Für den behinderten Menschen ist es oftmals nicht klar ersichtlich, welcher Träger für ihn zuständig ist und wo er seinen Leistungsantrag stellen soll. Um die Beratung sicherzustellen und die Beantragung von Leistungen zu erleichtern wurden die Gemeinsamen Servicestellen für Rehabilitation eingerichtet. Diese beraten über mögliche Leistungen, helfen beim Ausfüllen der Anträge und leiten sie an den zuständigen Rehabilitationsträger weiter.

 

Die Klärung der Zuständigkeit

Die Anträge können auch direkt bei einem der obengenannten Rehabilitationsträger gestellt werden. Der Rehabilitationsträger bei dem der Antrag abgegeben wurde, muss innerhalb von zwei Wochen klären, ob er für die beantragte Leistung zuständig ist.

Hält er sich für nicht zuständig, leitet er den Antrag an den zuständigen Rehabilitationsträger weiter. Dieser darf den Antrag nun nicht mehr weiterleiten, sondern ist verpflichtet, die Zuständigkeit für alle Leistungen zu übernehmen. Er stellt den Bedarf fest und entscheidet über die erforderliche Hilfe.
Wenn dies ohne Gutachten möglich ist, hat er innerhalb von drei Wochen nach Antragseingang über die Leistungen zu entscheiden. Anderenfalls muss innerhalb von zwei Wochen ein Gutachten in Auftrag gegeben und erstellt werden. Danach hat der Rehaträger zwei Wochen Zeit über den Antrag zu entscheiden.
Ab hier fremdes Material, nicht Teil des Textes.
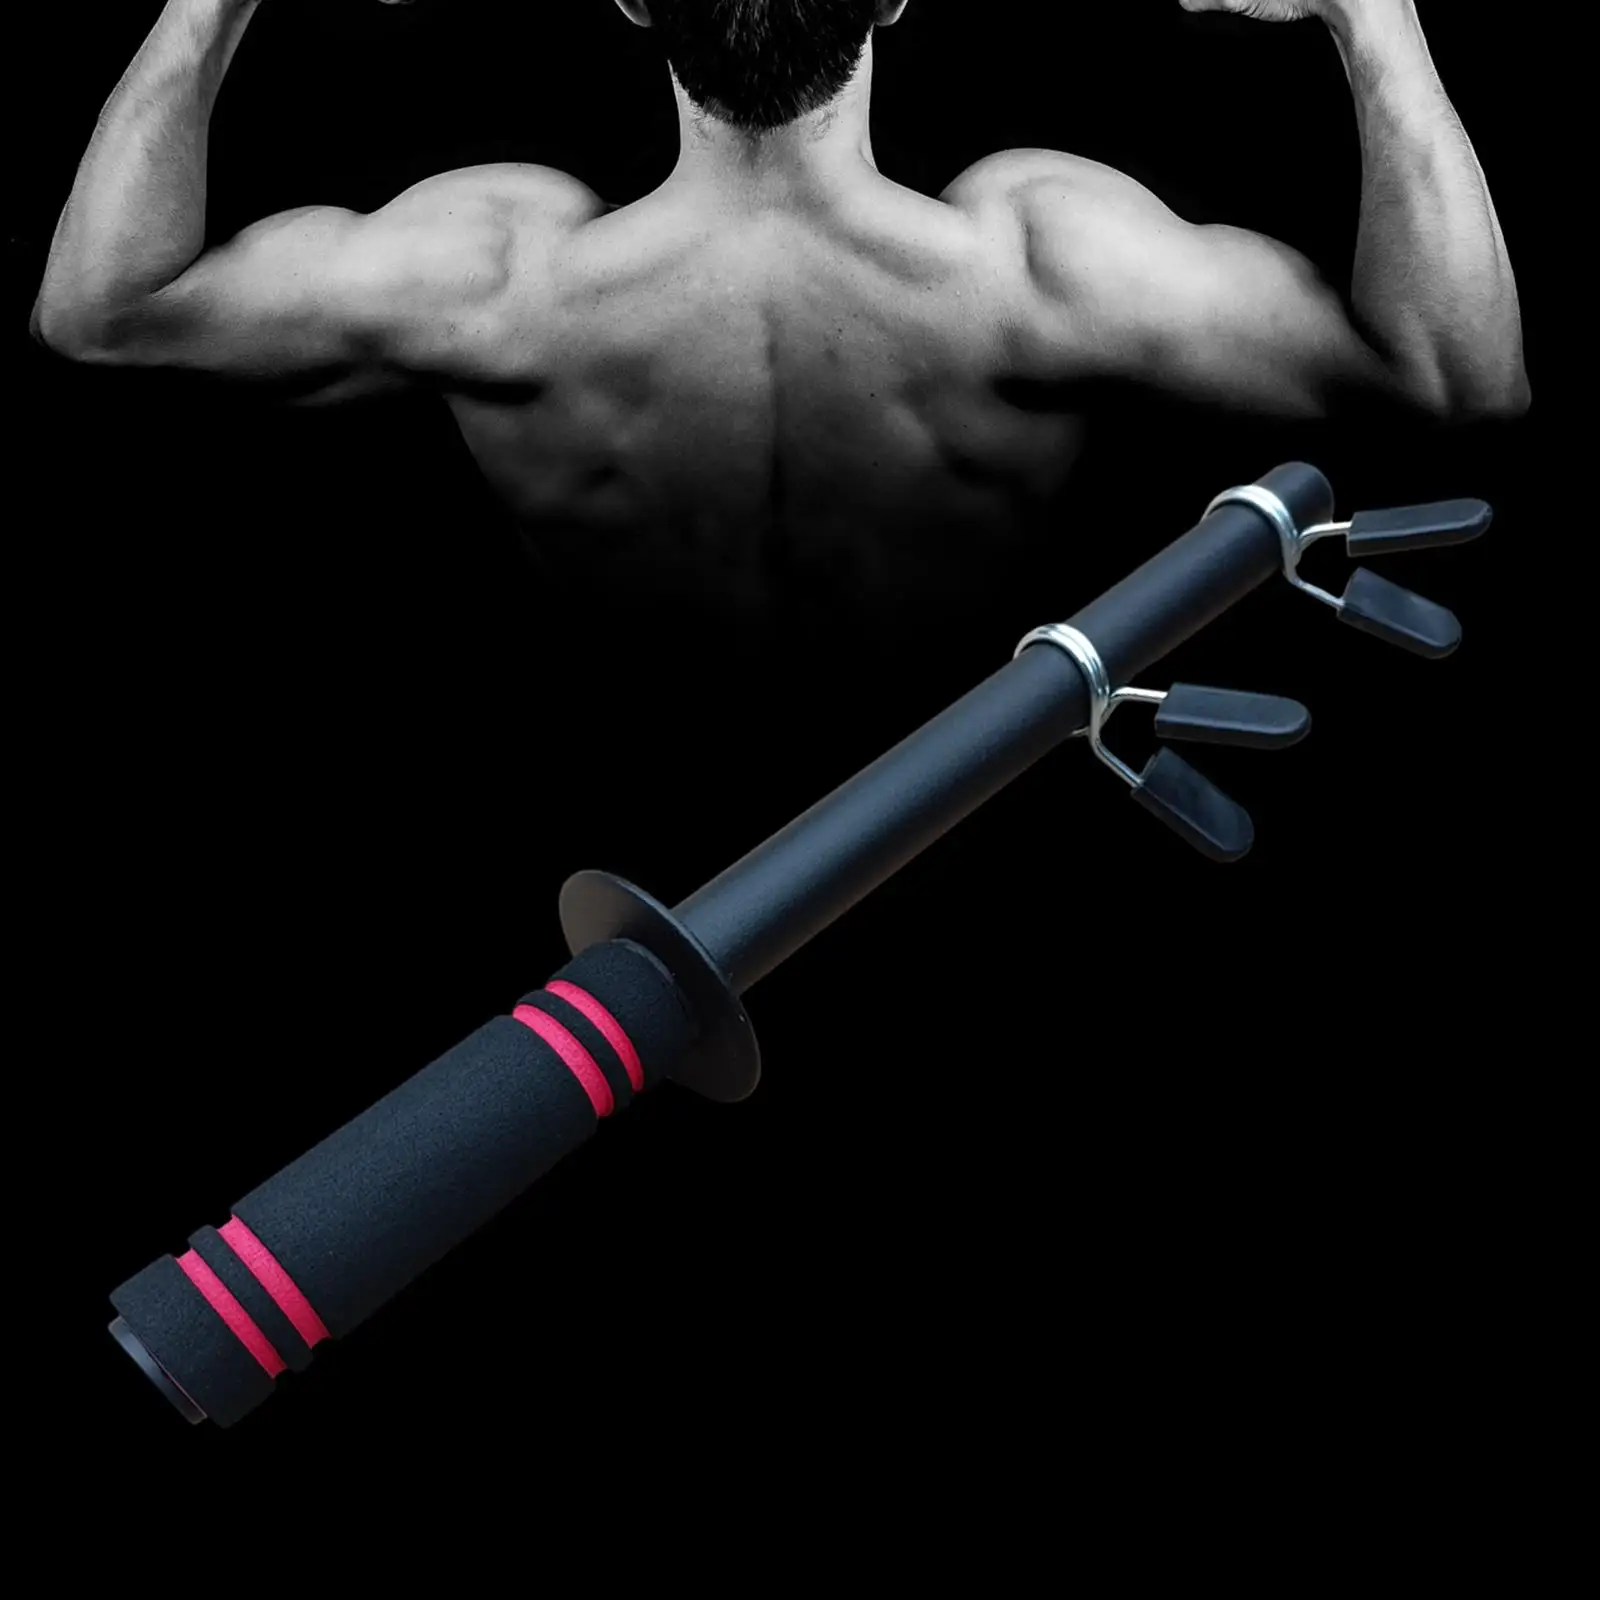 Dumbbell Bar Handle Heavy Duty Handle Strength Training Forearm Wrist Exerciser Forearm Trainer for Home Fitness Workout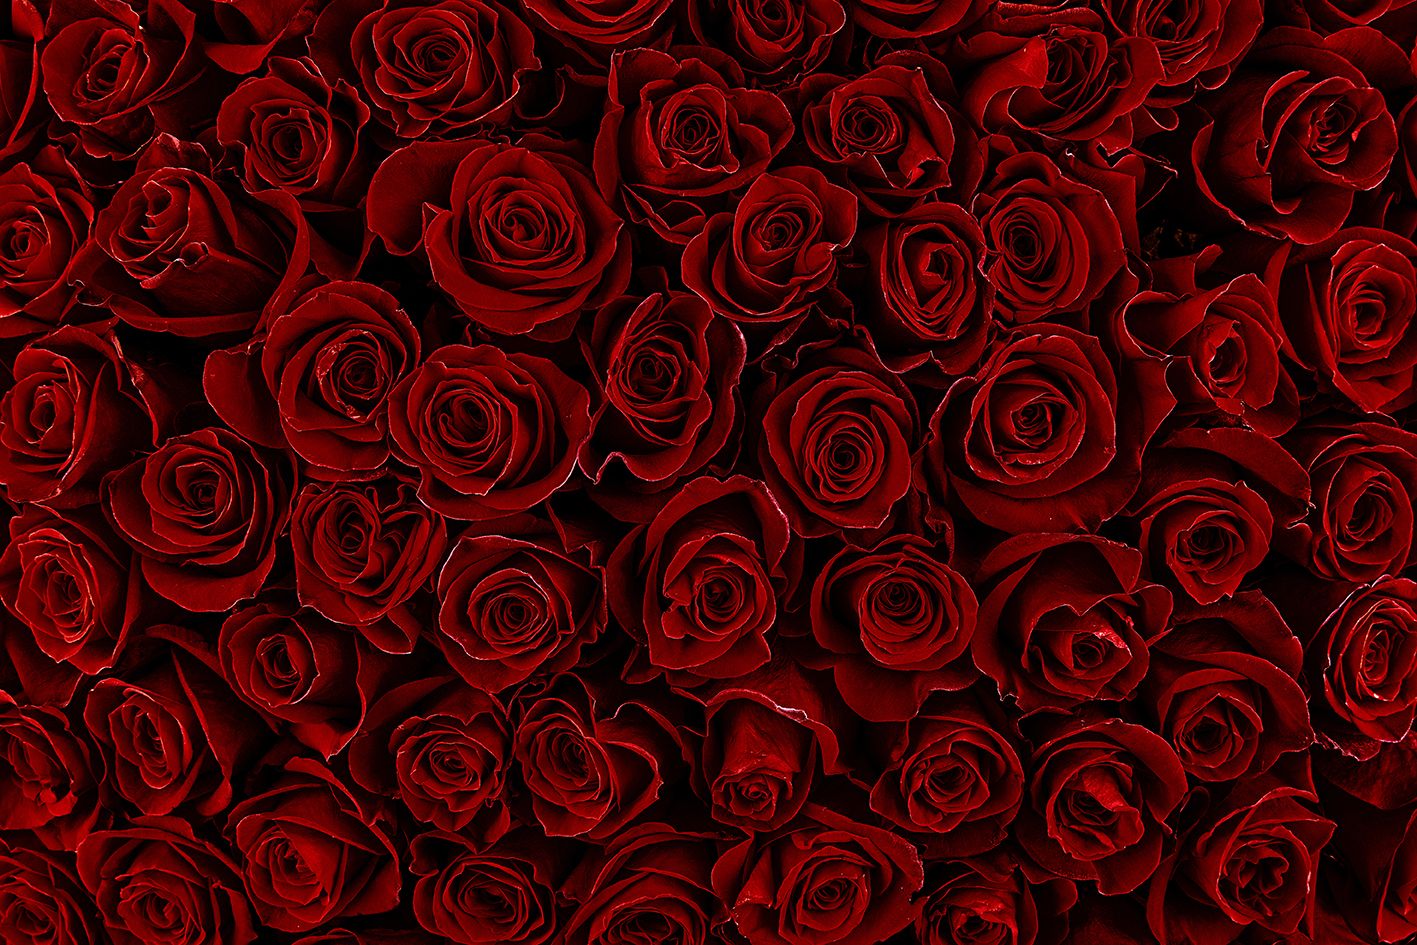 Rose Meanings - The Red Rose

Hat der zuerst angegangene Rehaträger den Antrag nicht innerhalb der Frist weitergeleitet, muss er die Leistung erbringen (vorausgesetzt der Anspruch ist berechtigt). Der nicht zuständige Rehaträger kann sich dann die Leistung vom eigentlich zuständigen Träger erstatten lassen. Durch diese Regelung will der Gesetzgeber sicherstellen, dass die Leistungen zügig erbracht werden und der Antragsteller nicht durch die Klärung der Zuständigkeiten unnötig belastet wird.

Die Ausführung der Leistung

Der zuständige Rehabilitationsträger kann die Leistungen zur Teilhabe

  • allein oder gemeinsam mit anderen Leistungsträgern,
  • durch andere Leistungsträger oder
  • unter Inanspruchnahme von geeigneten (freien, gemeinnützigen oder privaten) Rehabilitationsdiensten und -einrichtungen ausführen.

Die Leistungen können auch durch ein Persönliches Budget ausgeführt werden. Diese besondere Form der Leistungsausführung muss jedoch speziell beantragt werden.